The expansion into crop farming emerged as a central component of this adaptation. Informants described pastoralists cultivating land for the first time or expanding existing plots to supplement declining livestock-based incomes. Farming practices included rainfed crop production on rented or purchased land, cultivation within forest areas under informal arrangements, and sharecropping with large-scale farmers. They also reported cases of pastoralists investing in tractors and other machinery, sometimes forming groups to jointly manage farming operations or rent equipment to others.
While often framed as necessary coping strategies, informants expressed ambivalence regarding the long-term implications of these shifts. Informants highlighted concerns that increased engagement in farming reduced labour and time available for herd management, weakened pastoral mobility skills, and altered household priorities. They further observed that investments in land and farming infrastructure anchored households more firmly to fixed locations, potentially constraining future mobility even if security conditions were to improve.

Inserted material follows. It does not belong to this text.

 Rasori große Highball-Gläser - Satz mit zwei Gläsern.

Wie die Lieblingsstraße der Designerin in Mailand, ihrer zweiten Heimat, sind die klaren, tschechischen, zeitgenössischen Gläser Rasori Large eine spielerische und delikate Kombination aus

Together, these findings suggest that recent changes in settlement and farming practices reflect not only short-term responses to war-induced immobility, but also an acceleration of longer-term livelihood transitions with uncertain reversibility.
4.3.3 Increasing preference for land acquisition and ownership
The Um Sagata area (Figure 3) is an example of the increasing preference among pastoralists to settle and acquire their own land. Overall, smallholding agriculture is the dominant land use, covering most of the lowland areas. These smallholder fields form a dense mosaic of relatively small plots, indicating intensive rain-fed farming typical of rural Gadarif. In contrast, large-scale farming schemes are more limited and spatially concentrated, appearing mainly as larger, more regular blocks in specific parts of the area.
Natural vegetation occurs as fragmented patches interspersed among cultivated lands, particularly along watercourses, around mountain foothills, and in less accessible areas. These patches are the main grazing areas and seasonal resource reserves, reflecting the agro-pastoral character of the landscape. Bare land is present in scattered pockets, often adjacent to cultivated fields or near settlement areas, suggesting fallow land, degraded surfaces, or zones under pressure from cultivation and grazing.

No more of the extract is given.